Miller Music Publishing Co.
- Parent company: Metro-Goldwyn-Mayer (1934–1973); United Artists (1973–1981); MGM/UA Entertainment Co. (1981–1983); CBS Records (1983); Columbia Pictures (1983);
- Founded: 1906
- Founder: Webb Rockefeller Miller
- Successor: Robbins, Feist, Miller
- Country of origin: United States
- Headquarters location: Chicago, Illinois
- Publication types: Sheet music

= Miller Music Publishing Co. =

Miller Music Publishing Co. was a Chicago-based music publishing company founded in 1906 by Webb Rockefeller Miller.
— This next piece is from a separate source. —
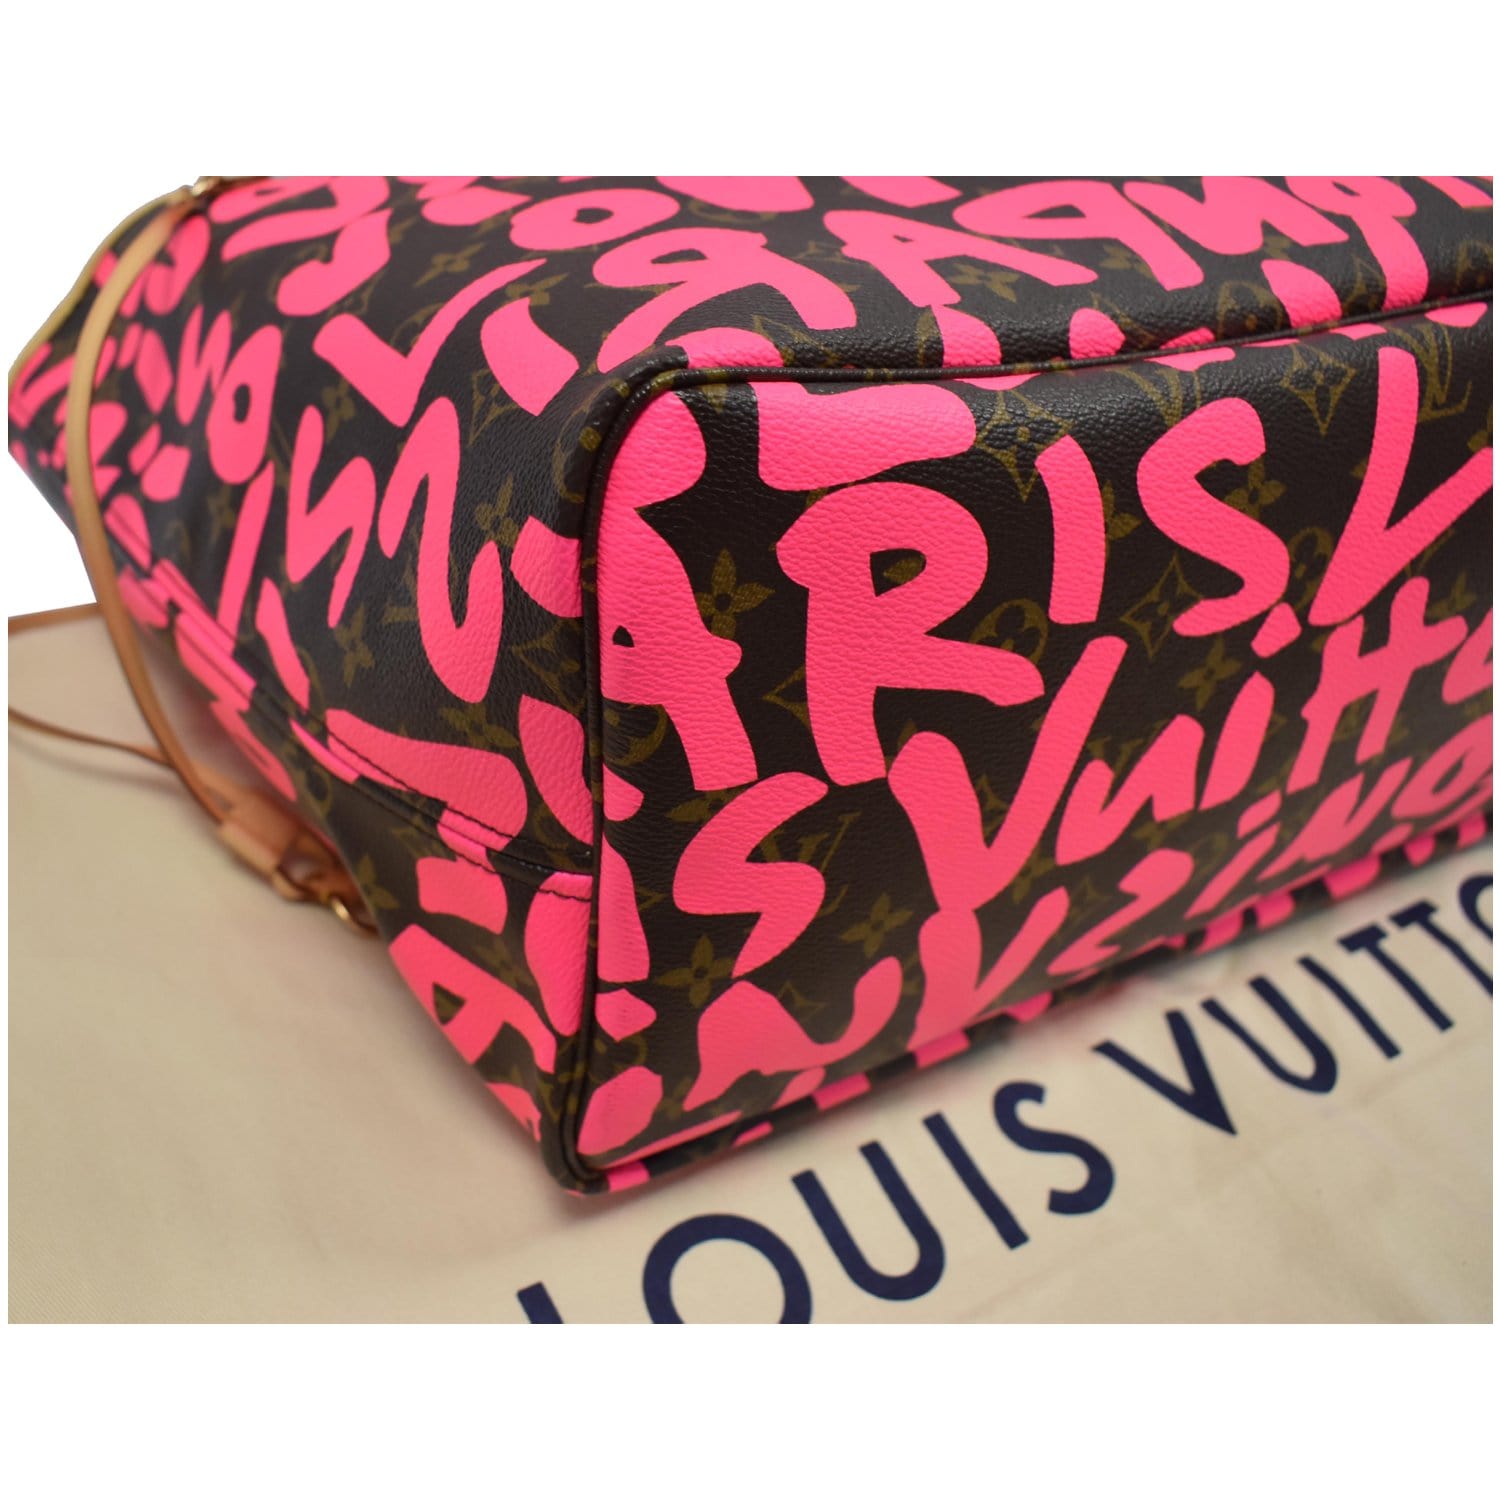 Louis Vuitton Neverfull Graffiti Bag - 2 For Sale on 1stDibs

In 1934, Metro-Goldwyn-Mayer acquired a controlling interest in its capital stock of Miller Music, Leo Feist, Inc., and Robbins Music Corporation, and merged the three companies. In 1935, the new company was named Robbins, Feist, Miller Music Publishing Companies, but was commonly known as The Big Three.

In 1973, MGM sold Robbins, Feist, and Miller to United Artists. In 1981, MGM acquired UA and formed MGM/UA Communications Co. In 1983, MGM/UA sold its music publishing business to CBS Records. CBS then sold the print music arm, Big 3 Music, to Columbia Pictures.